Dr. Zuchner said that clinically, one of the most interesting findings is that some patients with the gene variant for intermediate CMT have normal nerve conduction velocities. Therefore, they would be misclassified as having CMT type 2 based on standard clinical and electrophysiological examinations, he said.
In addition, in two of the families, neutropenia – which had previously not been associated with CMT neuropathies – was inherited along with the disease, he noted.
Since there are currently no targeted treatments for the different forms of CMT, genetic testing is not yet vital for patient outcome, he said. “But as we develop specific therapies, genetic testing will become more important,” Dr. Zuchner said.
Currently, testing for the mutation is available only on a research basis.
The study, which was presented as a late-breaking poster at the AAN meeting, also appears in the March issue of Nature Genetics (2005;37:289–294). Dr. Zuchner said he wasn't starting from scratch: Geneticists had previously linked three different subtypes of the intermediate form of CMT to three different chromosomal loci.

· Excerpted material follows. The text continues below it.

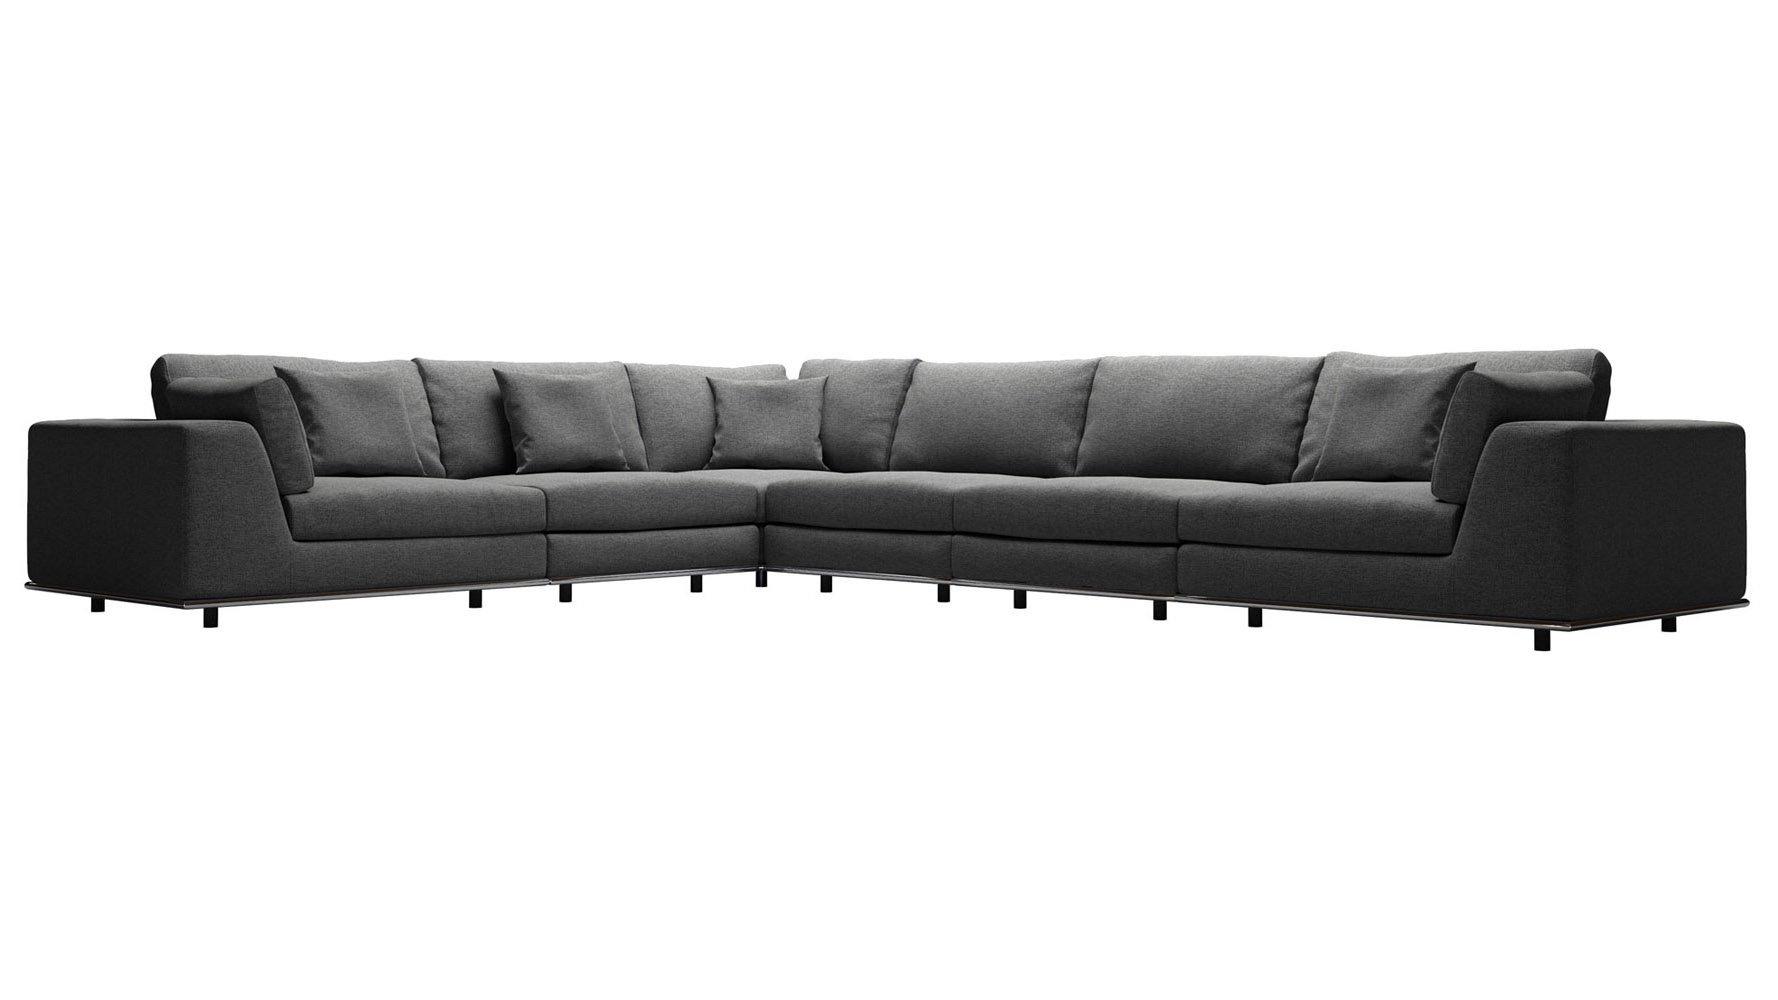 Modern Persis Extra Seating L Sectional Sofa | Zuri Furniture

The new study included three generations of three unrelated families in North America, Australia, and Belgium – about 30 people in all – who were known by linkage analysis to have one of the three subtypes, known as autosomal dominant intermediate CMT B.
Using classical genetic mapping techniques, they first refined the chromosomal locus. “We knew exactly which chromosome – 19 – and exactly where in the chromosome – the short arm – the mutation is,” Dr. Zuchner said.

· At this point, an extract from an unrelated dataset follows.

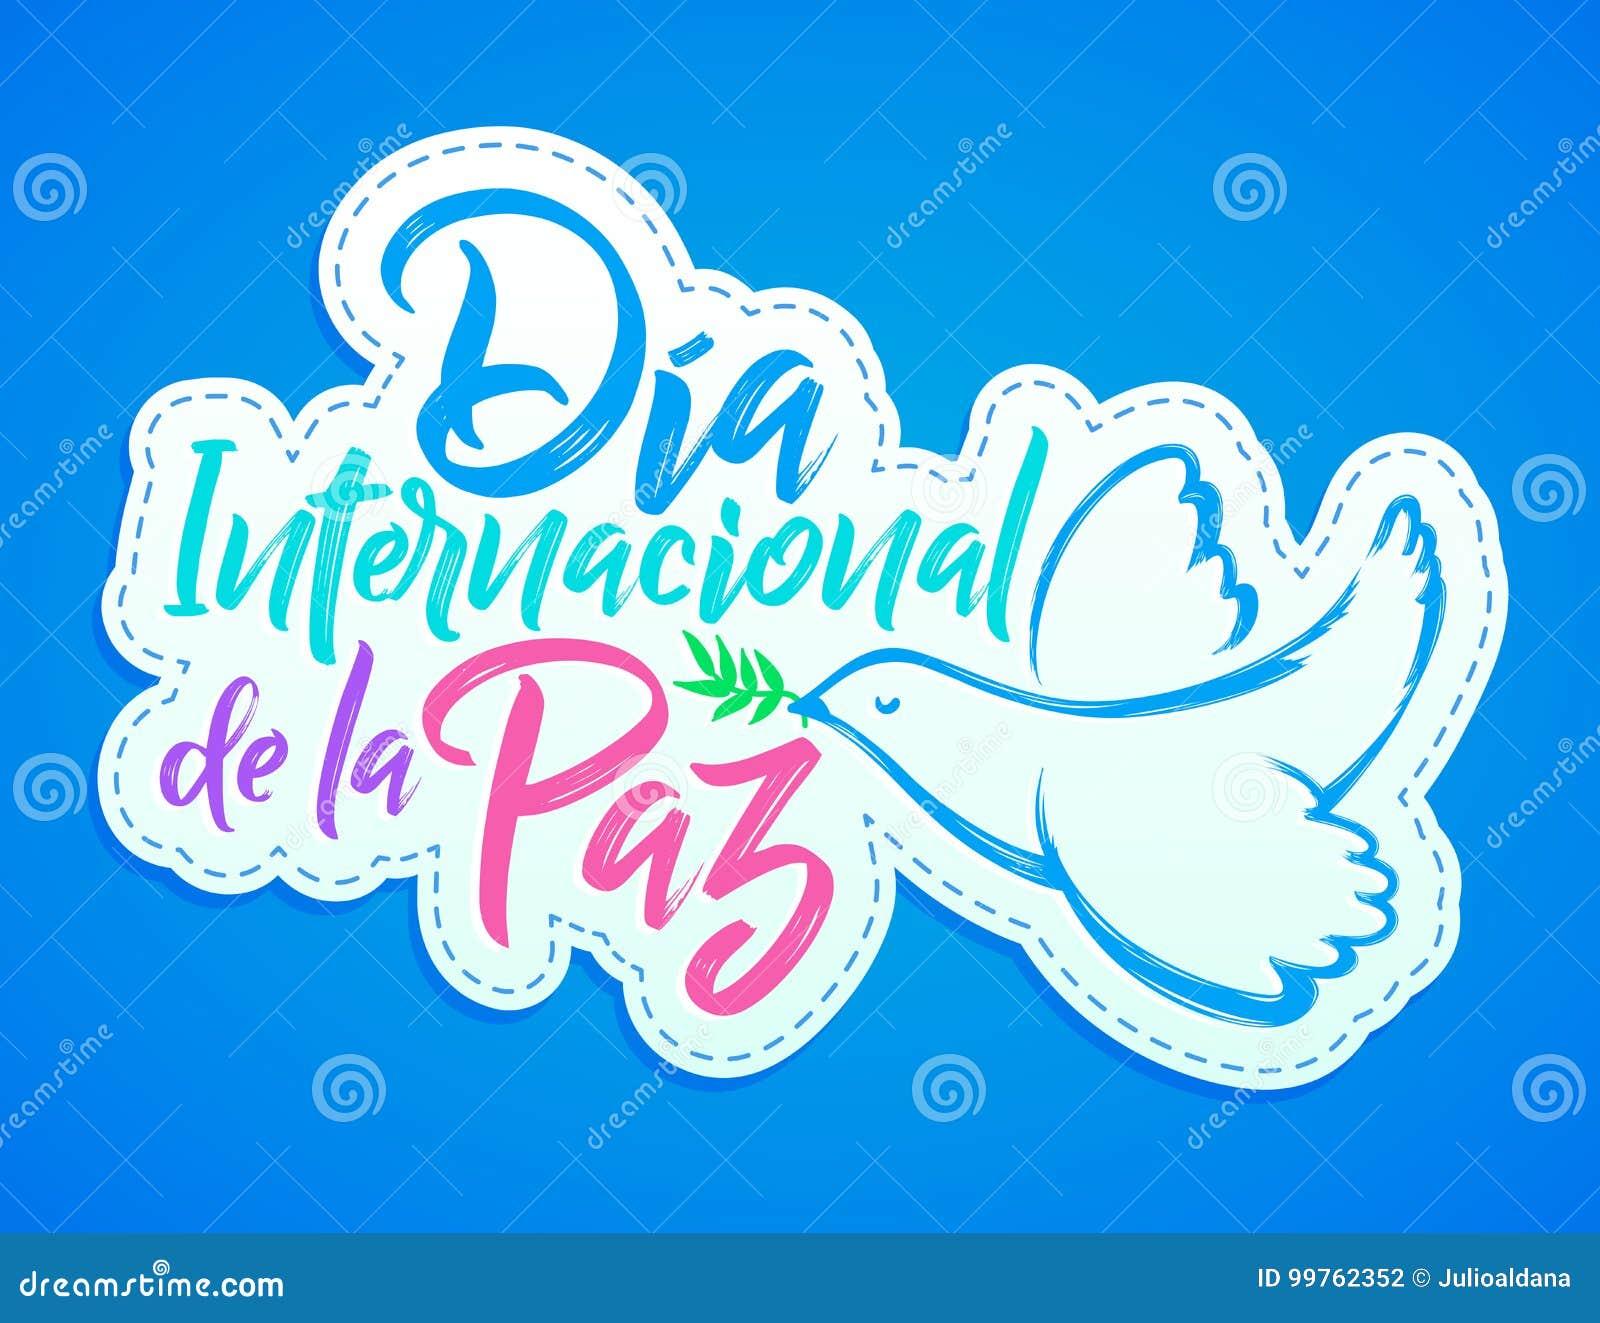 Durchmesser Internacional De La Paz Internationaler Tag Des

After screening candidate genes, his group then identified in all families with mutations in dynamin 2, a ubiquitous protein involved in membrane transport.
To explore the effects of the mutations, the researchers performed functional studies, transfecting neuronal cell lines with normal and mutant variants of the gene. The gene products were labeled so that the scientists could follow their actual path.
“Two major things happened, both of which could have implications for axonal transport,” Dr. Zuchner said. “First, the microtubule network was disturbed by the mutant copy,” he said.
Peripheral neurons rely on long – perhaps 1 meter long – axons for transport of proteins, organelles, mitochondria, and all the other stuff needed for metabolism, he explained.
If there is a disruption in the microtubules – the railroad tracks that make up axons, if you will – all these goods may never make it to their destination. “As a result, the distal ends don't have sufficient metabolism, and patients may develop the distal symptoms that define CMT,” Dr. Zuchner said.
Dynamin 2 is also important for endocytosis, the process cells depend on to take in molecules, including nutrition, from the outside and form vesicles for transport.
“If you transfect cells with normal dynamin, there is always an association with vesicles,” Dr. Zuchner said. “But cells transfected with the mutant dynamin 2 did not co-localize with the vesicles anymore.”
AXONAL TRANSPORT, NERVE CELLS
Dr. Shy said this is the second discovery made by Dr. Zuchner to show the critical role of the axonal transport system in the normal function of nerve cells.
In 2004, his group showed that a mutation in mitofusin 2 is involved in some cases of CMT (Nature Genet 2004;36:449–451). “Mitofusin 2 allows mitochondria to fuse and therefore be able to be transported along neurons,” Dr. Shy said. “Now [in the current study] we see that a mutation in the gene that encodes dynamin 2 causes other disruptions in axonal transport.”
“There is an increased likelihood that when this transport is disrupted, it causes neurons to degenerate. The implications are likely to go way beyond CMT and involve many other neurodegenerative diseases too. It's extremely interesting,” he said.
ARTICLE IN BRIEF
- ✓ Investigators identified a mutation in the gene that encodes dynamin 2, which they think could be a key player not only in the pathogenesis of Charcot-Marie-Tooth disease, but in other neuropathies as well.